Dissemination of the inventory is initially on RLIN (the Research
Libraries Information Network). RLIN is available on the Internet,
through individual accounts, through RLG libraries. Tapes are also
given to OCLC, another major online network. The database will be
searched by project staff for any interested individuals. Disks can
also be made available. Dial-in access to the Rutgers catalog will be
available soon. This is another option. While everyone is not on
Bitnet, it could be used as another point of access.


Data Collection/Archiving:

The original proposal for the center included an archival and
dissemination function for texts which would otherwise become available.
The center would also accept texts for deposit. It would work with
publishers to determine if their tapes could be archived and disseminated.
Issues raised in this discussion included: what constitutes a humanities
text; is there a measure of quality in accepting a text; who determines
quality; is there a need to collect texts when online access may be
available?

It was suggested that our definitions of a humanities text remain broad
and that as the center gains experience with usage the definitions may
emerge.
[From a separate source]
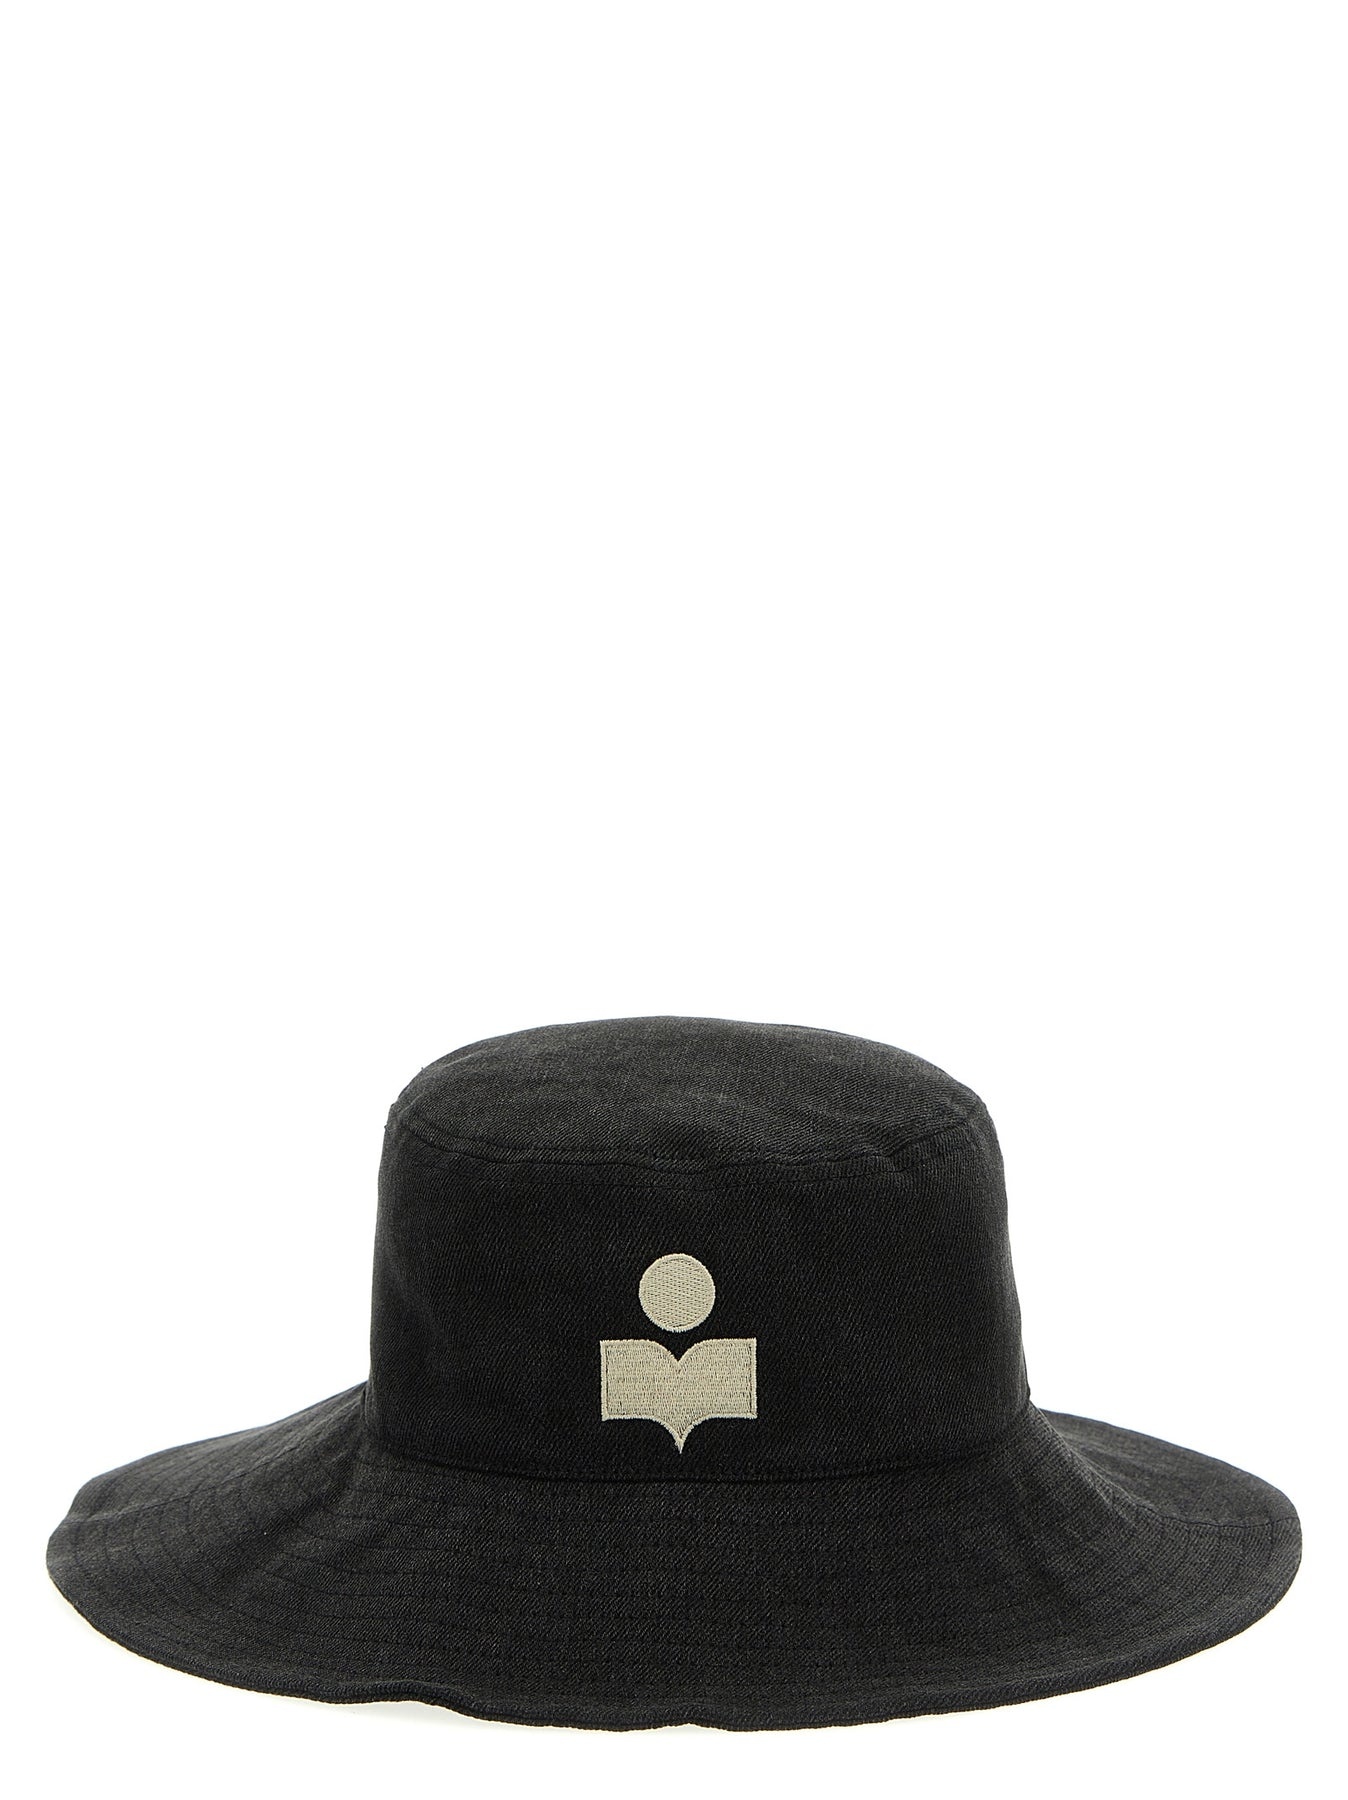 Deliya Hats Black - 1

If we are polling the humanities computing community, one could
assume that we have placed some parameters on the materials which will
be used by the same. Accept what is deposited and formulate more
specific guidelines as experience is gained. The center should not be
judgmental of texts, but report impartially on the materials it archives.
It was suggested that the funding agencies require that all projects
resulting in a machine-readable text deposit it with the center. While
online access may be available for many texts, it is not available for
all. There is certainly no need to archive texts which are available
from the compiler directly or online. There may be ways to work with
publishers for the deposit of texts with the center and their
availability for individual research.


Compilation of Texts/Copyright Issues:

These two issues relate to each other and can be treated independently
as well. There was considerable debate regarding the need for the Center
to compile texts through scanning as well as copyright issues concerning
the dissemination of texts in the archive. Issues raised include: will
the center undertake the verification of texts; can the center employ
experts in all areas for text production; can the Center scan a work
under copyright; is there a need to scan at the Center when OCR
equipment is readily available?

While copyright issues are clearly a problem, Kahin pointed out that
there are certain benefits under the copyright laws of the Center acting
as a library. It does not mitigate all problems but provides a more
liberal environment for scholarly use of materials. OCR equipment is
more readily available and the Center may not wish to undertake scanning
by contract, but the center staff should be knowledgeable of the
technical details and also be able to refer users to other appropriate
sources where the specific expertise (language, discipline, scripts,
etc.) is available.


Organizational Issues/Staffing/Budget:

Specific details of staffing and organization were not to be determined
at this stage in the planning process, however, general information
concerning the division of responsibilities between Princeton and
Rutgers were outlined in the draft. Gaunt explained that the staffing
and budget were weak sections of the draft because the planning had not
progressed to that level. The Advisory Board and its functions were
delineated. Issues raised included: priorities for Princeton and Rutgers
staff; costs too low to support functions; staffing levels too low to
support activities; separate executive functions from policy functions.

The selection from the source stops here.